アーチーから尋ねられた時、私の頭には一つしか選択はなかった。
二十六年前、アーチーとの別れを選び日本に戻ってきてからの私は抜け殻同然だった。
アーチーと過ごした時間が夢だったら良かったのに……と思いつつ、身体中に残ったアーチーの痕跡から抜け出すこともできず、何もすることもできなくて正直あの頃のことはほとんど記憶にない。
身体中につけられた花びらが全て消し去ってしまい、アーチーとのことをいよいよ忘れないといけないと思った頃に有沙と出会い、有沙を育てることに集中することでアーチーとのことを忘れることにした。
それでもふとした瞬間にアーチーを思い出しては身体を震わせる。
結局私にはアーチーを忘れることなんてできなかった。
だからこうして再会できて、お互いに気持ちが通じ合っているとわかったらもう離れて暮らすなんて考えられなかった。
有沙も愛する人を見つけて新しい人生を歩み始めた。
アーチーと再会したのがこのタイミングだったのも運命なのだろう。
有沙と遠く離れて過ごすことになっても、私が有沙の父であることに変わりはない。
有沙がもし、私とアーチーのことを認めてくれなくても私はずっと有沙を娘だと思い続ける。
アーチーを忘れられなかったように、有沙のことも決して忘れない。
有沙のことを思いつつ、私はアーチーと幸せになる道を選ぶ。
だから有沙にも幸せでいてほしい。
『私はアーチーと一緒に暮らしたい。できれば、アーチーと出会ったあのロサランで暮らしたい。もう二度と行きたくないと思っていた思い出を上書きしたい』
アーチーに思いの丈を告げると、喜んで賛成してくれた。
どうやらアーチーも同じように思っていてくれたみたいだ。
そんなところも私たちは似ているのだと思うと嬉しかった。
小芝くんと吾妻くんが待っていてくれた部屋で、アーチーの孫のエリックさんとロサラン王国のジェラルド王子にその想いを告げると、賛成してくれた。
もちろん。大学側とも話をしなければいけないからすぐに大学を辞めてロサランで暮らすなんてことはできないけれど、今年度で退職するように準備を整えておこう。

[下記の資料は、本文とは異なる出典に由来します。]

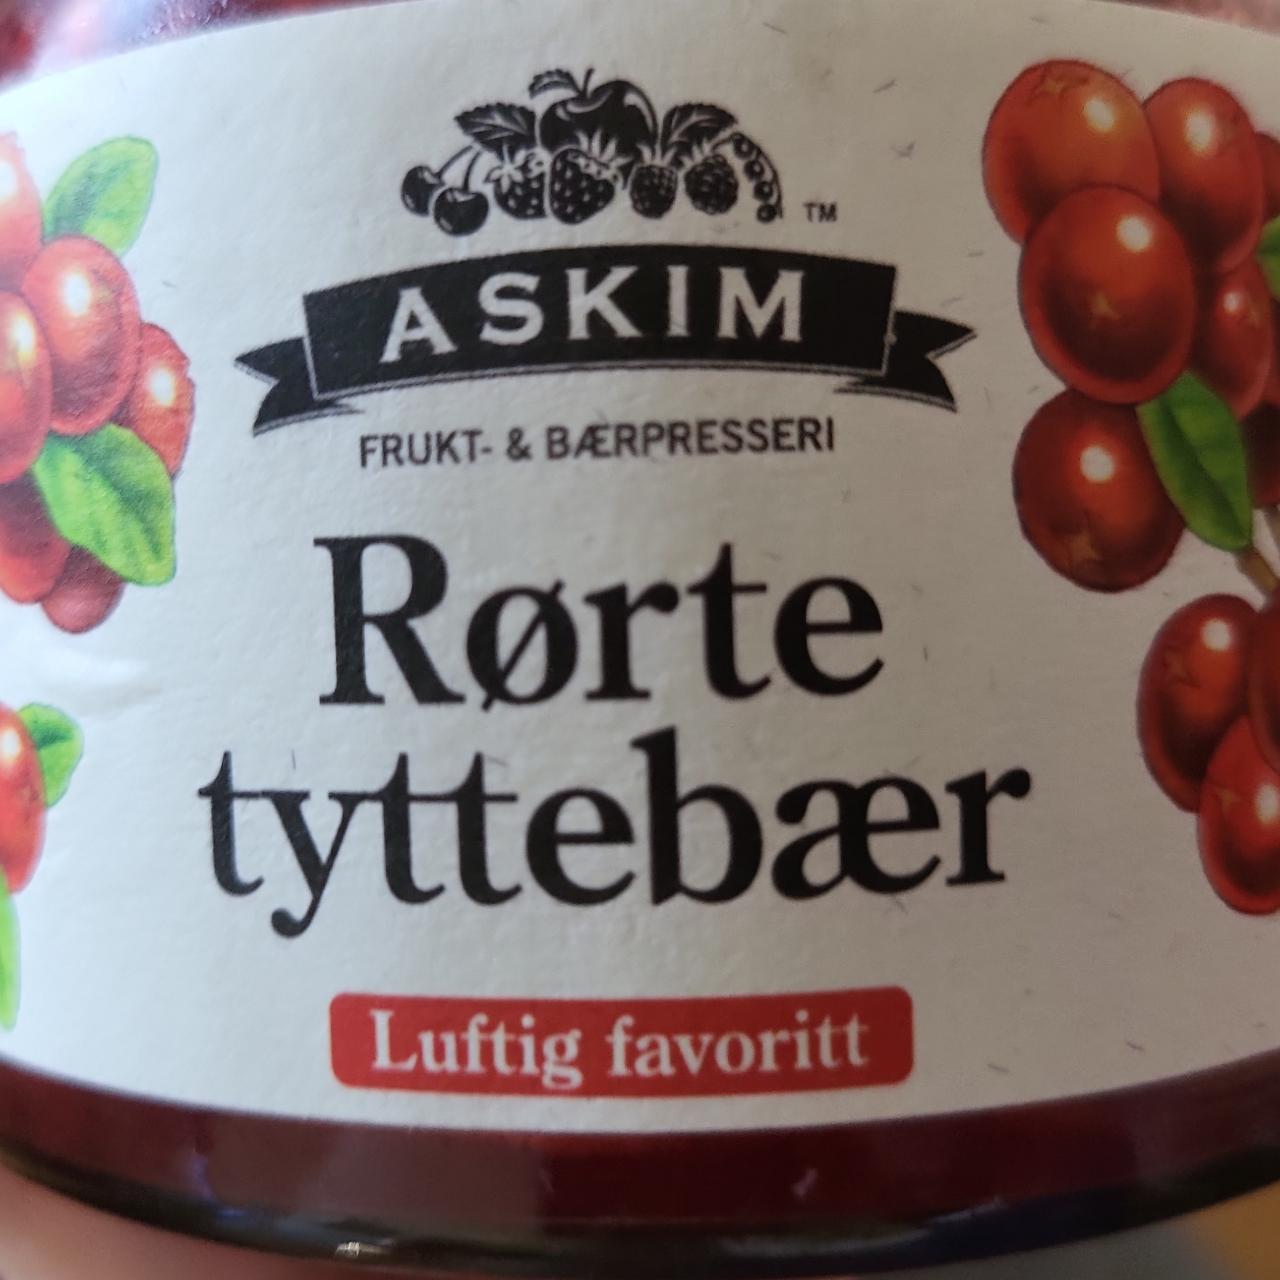 Fotografie - Rørte tyttebær Askim

『アーチーの家族は私を認めてくれるか心配だけど……』
『何を言っているんだ。死ぬまで一人生活を続けると思われていた私が、愛する人を見つけたというだけでみんなが大賛成して喜んでくれるよ。それに、私の生まれ故郷であるスウェーデンも第二の故郷にしようと思っているロサラン王国も同性婚は認められているから私たちは誰からも認められる夫夫になれるよ。だからトモヤは何も心配はいらない』
『アーチー……』
私の不安を一瞬にして消し去ってくれる。
本当に頼もしくて愛しい人だ。
『ありがとう。あとは、有沙だけだ』
『トモヤの娘だね』
『うん。有沙にはきちんと話をして日本を発ちたい。愛しい人と幸せな日々を過ごしている有沙を苦しめることになるのだけは避けたいけど、有沙には友人だとか親友だとか言って嘘をつきたくない。アーチーが私の愛する人だとちゃんと話をしたいんだ。認めてもらえるまで時間がかかるかもしれないけど、私の気が済むまで有沙と話し合いたい。アーチー…‥それまで待っていてくれる?』
『もちろん。これまでずっと待ったんだ。トモヤが私のそばにいてくれる未来が決まっているんだから、これからどれだけだって待ち続けられるよ』
『アーチー……』
私と一緒に待ち続けてくれる。アーチーのその言葉が嬉しくてたまらなかった。
アーチーに抱きつきに行こうとしたその時、突然、私たちの左側にあった扉がガチャリと開き、誰かが出てくるのが視界に入った。
驚きのままに視線を向けた瞬間、
「お父さん、私は、大賛成、だよ」
涙でかおをくしゃくしゃにしながら有沙が飛び出してきた。
「えっ? はっ? えっ? なっ、有沙? どうして、ここに?」
突然の有沙の登場に混乱しっぱなしで言葉が出てこない。
有沙はそんな私を見て、涙に塗れながらも表情は笑っていた。
「もう、お父さん! 落ち着いて!」
笑顔で涙する有沙が私に声をかける横で、有沙の夫となった東堂くんが優しくハンカチで涙を拭ってあげている。
有沙は本当に優しくていい人と出会ったものだ。
『トモヤ。彼女が君の娘なのか?』
『えっ? あっ、ごめん。日本語だったからアーチーはわかってなかったよね』
『アリサという名前だけは聞き取れたよ。それで彼女はどうして泣いているんだ?』
『あの、大賛成だって……』
『えっ! 本当に?』
アーチーは困惑したり喜んだり一気に表情が変わっていく。
私も混乱していたから同じか。
『アーチー、とりあえず落ち着いて話をしよう』
有沙にも英語で話をしてくれるように頼み、改めてソファーに座って話をすることにした。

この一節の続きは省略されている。